== INFORMATION SUPPLIED ==

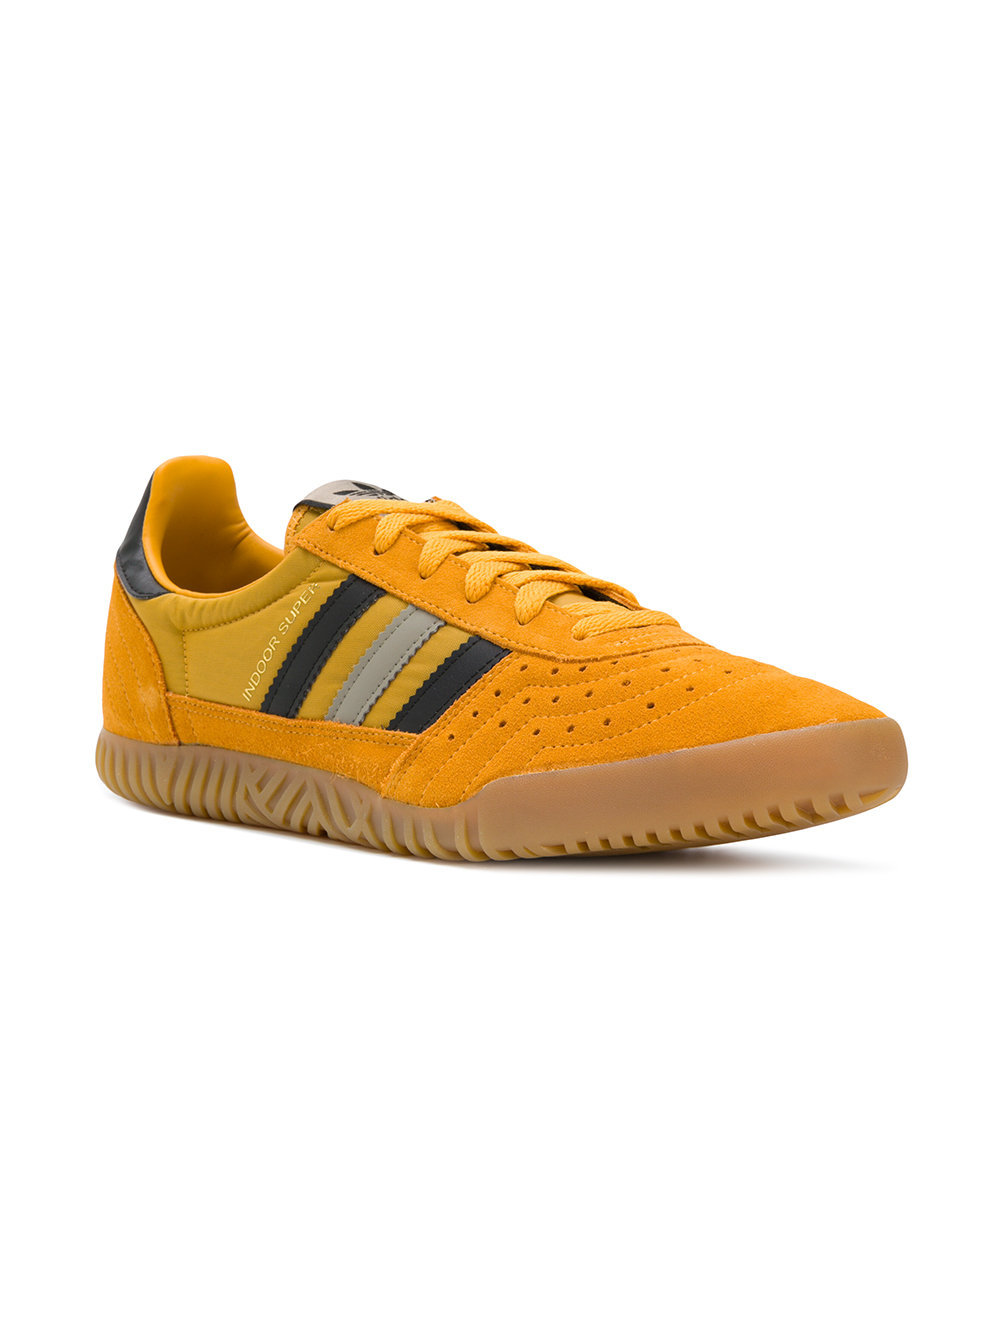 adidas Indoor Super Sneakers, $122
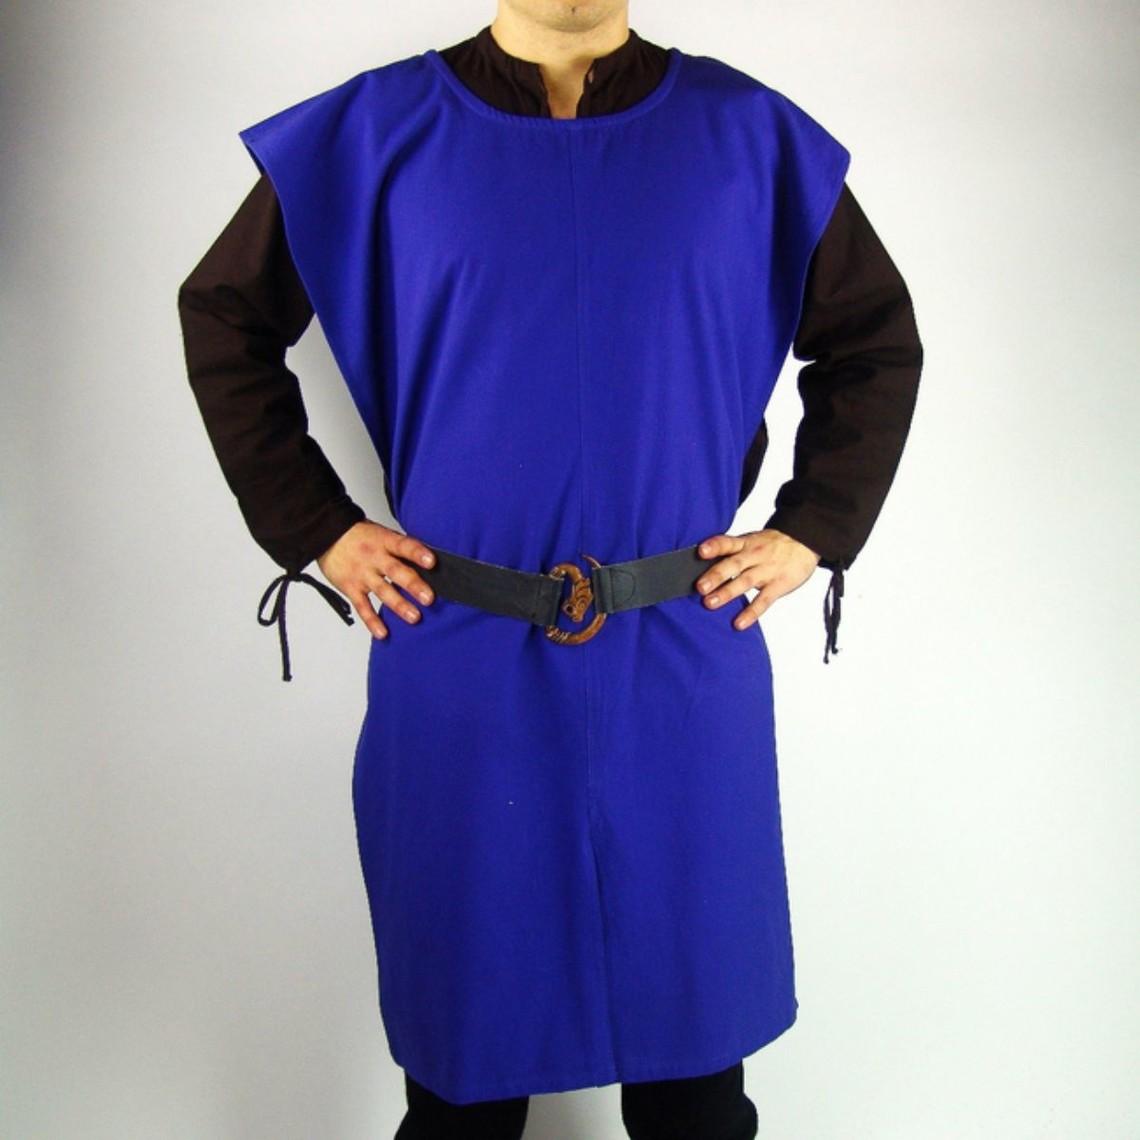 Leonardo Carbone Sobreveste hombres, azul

===
== INFORMATION SUPPLIED ==

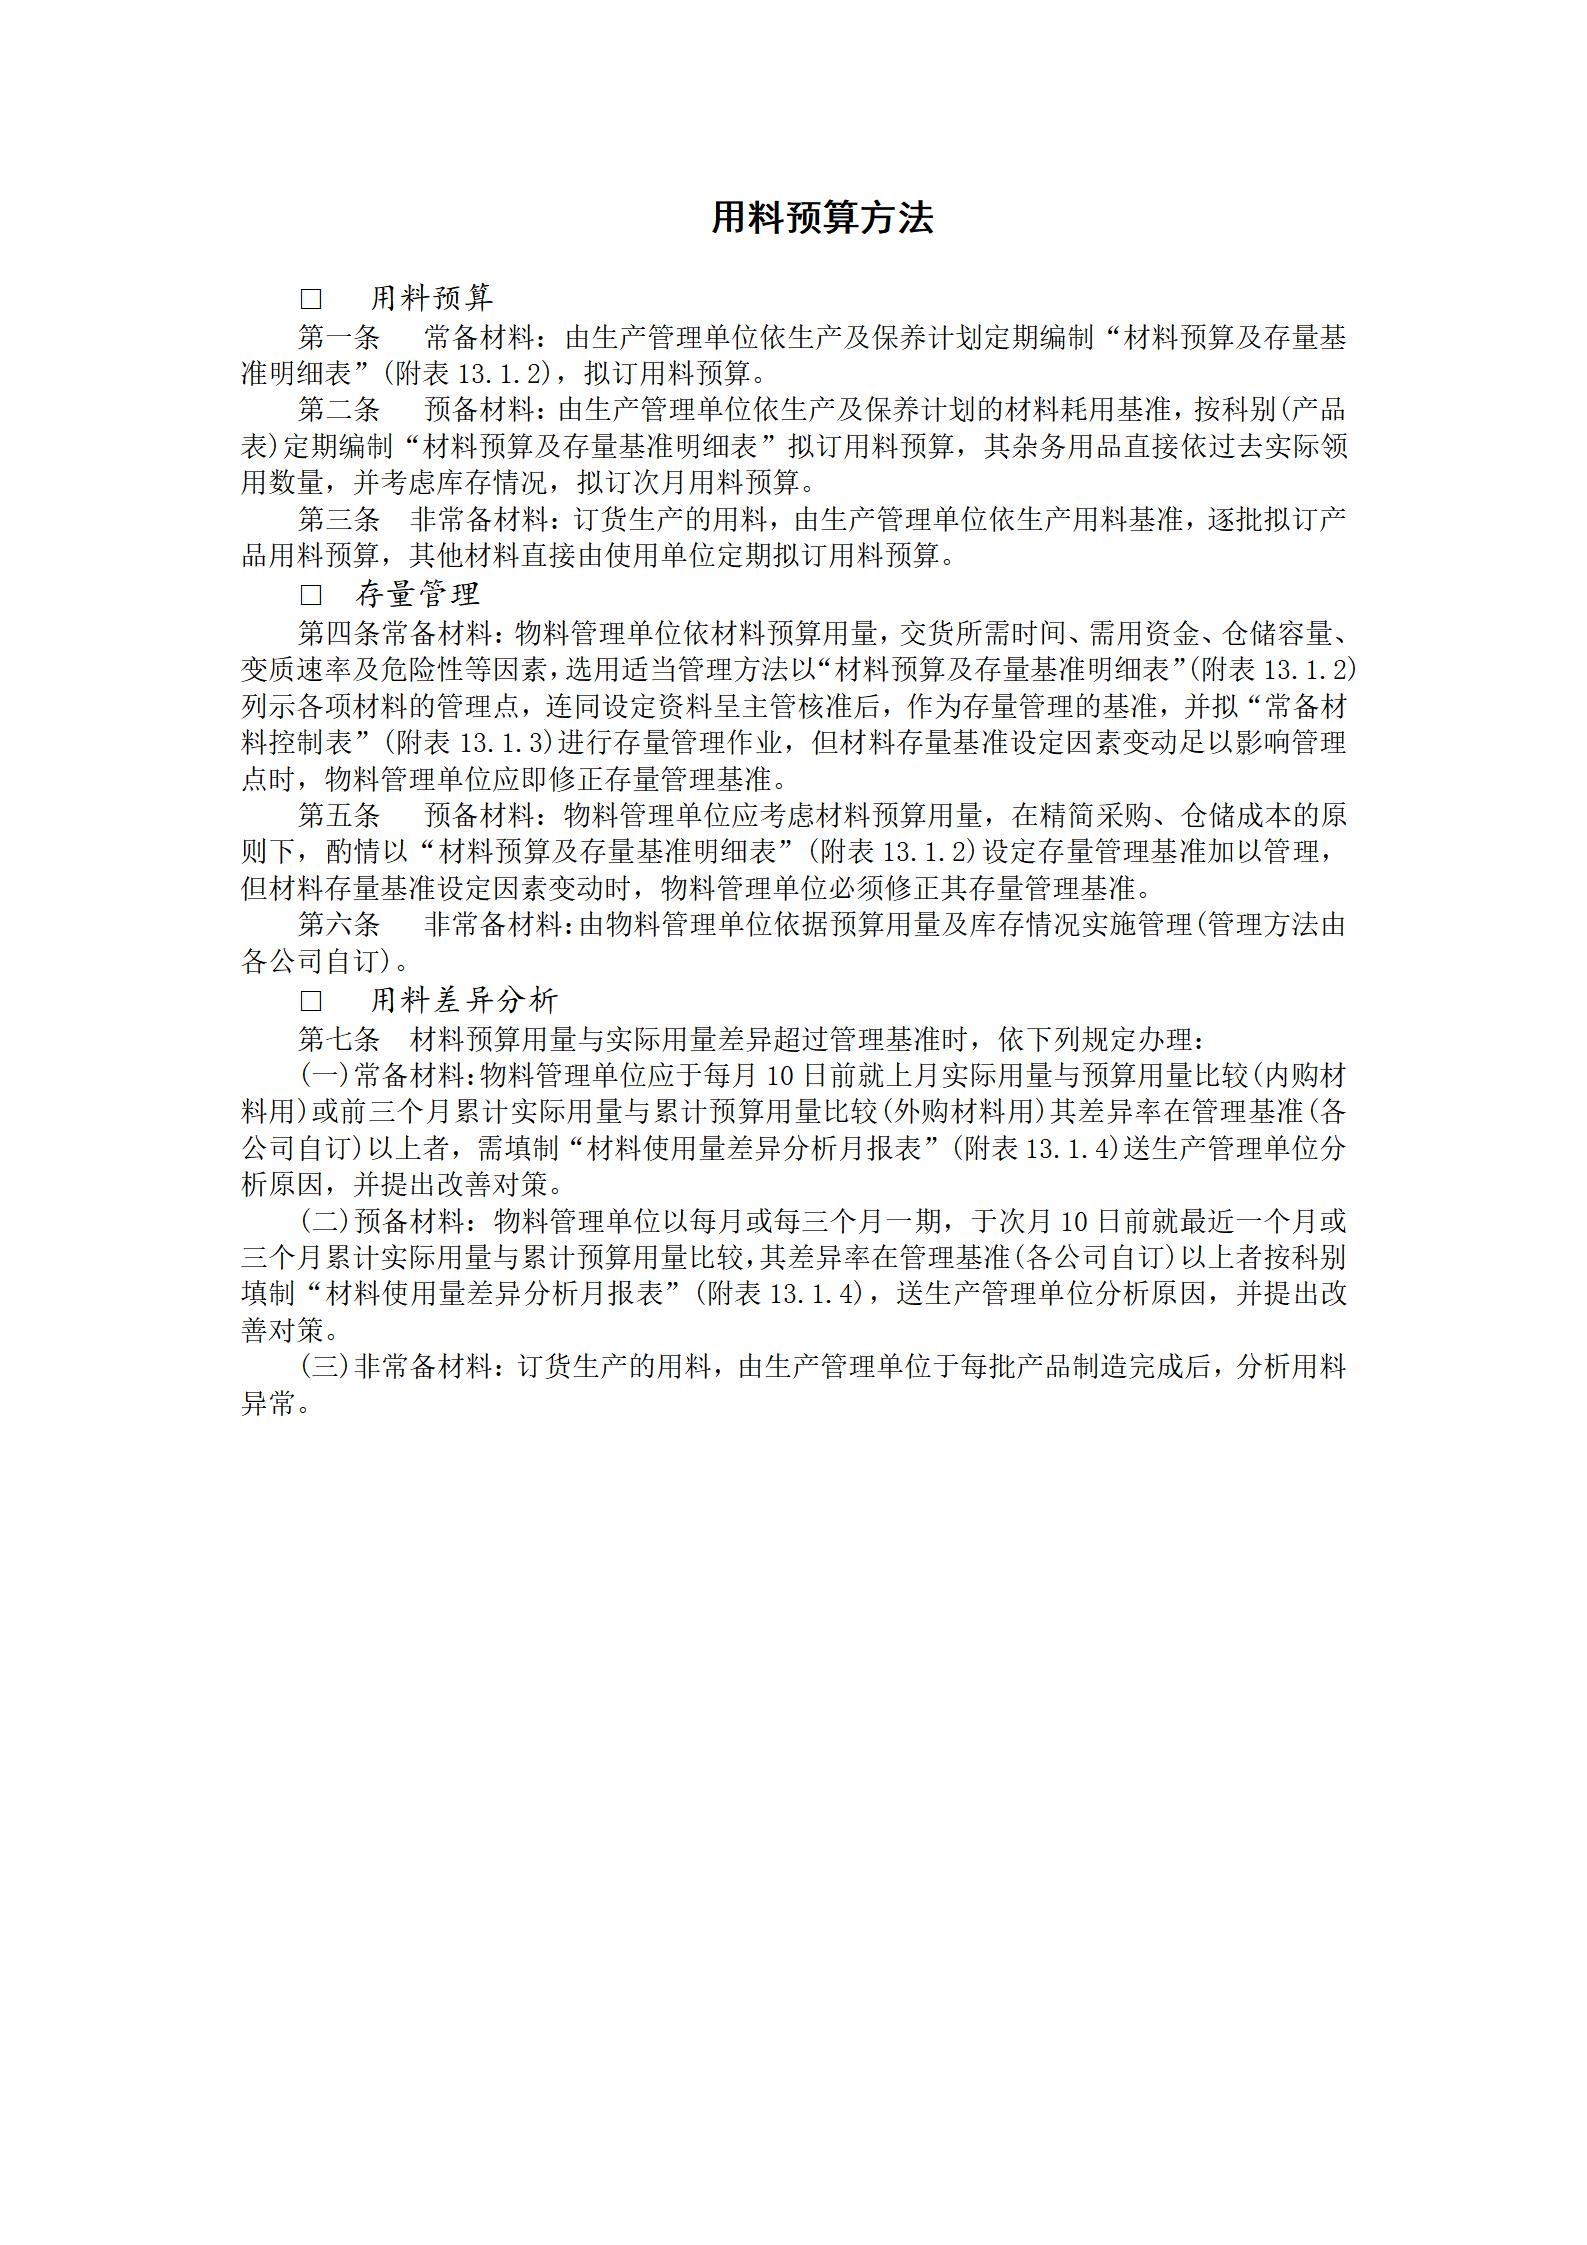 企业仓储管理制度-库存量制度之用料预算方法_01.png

===
== INFORMATION SUPPLIED ==

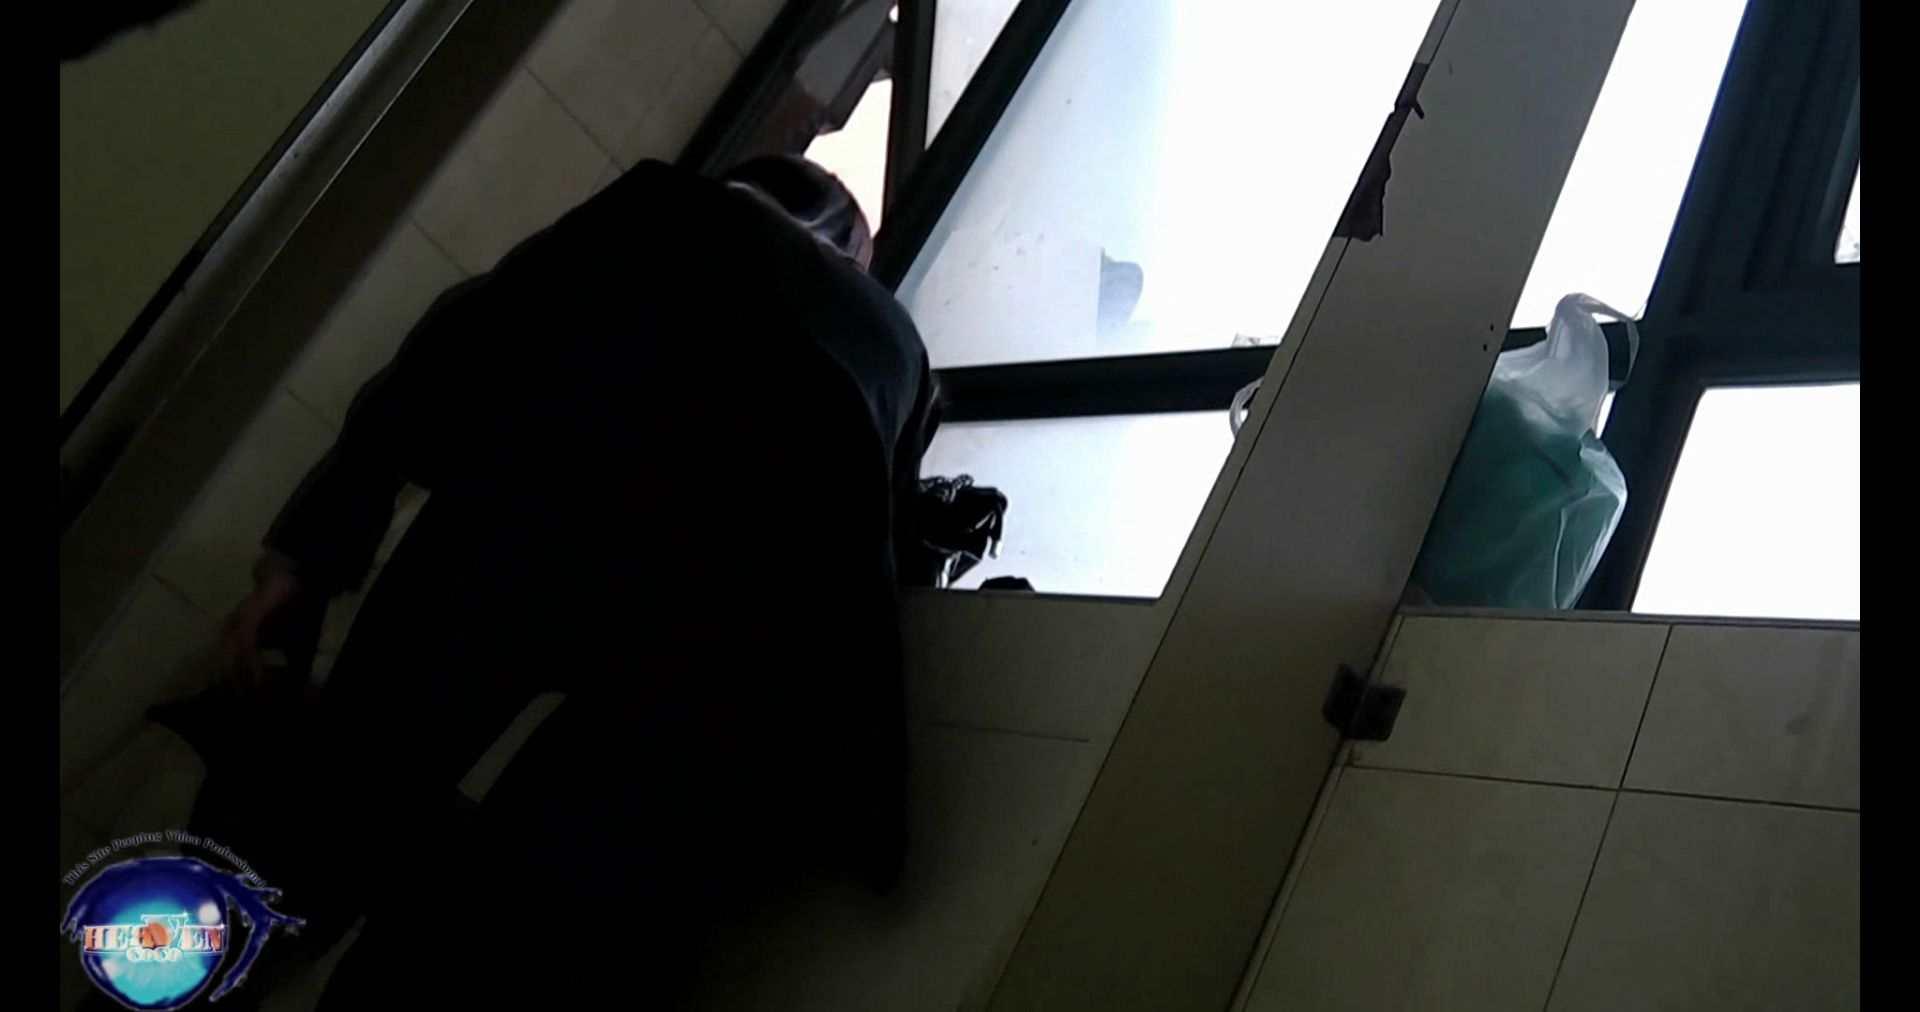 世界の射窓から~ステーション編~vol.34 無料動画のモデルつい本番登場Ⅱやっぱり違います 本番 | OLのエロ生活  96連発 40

===

■ **WHAT NEEDS TO BE DONE**
An exact copy is needed of the stretch above that opens with the line containing "adidas Indoor Super Sneakers, $122" and closes with the line containing "Leonardo Carbone Sobreveste hombres, azul"; the pictures are not part of it.

■ **RESPONSE TO THIS EXERCISE**
 adidas Indoor Super Sneakers, $122
 Leonardo Carbone Sobreveste hombres, azul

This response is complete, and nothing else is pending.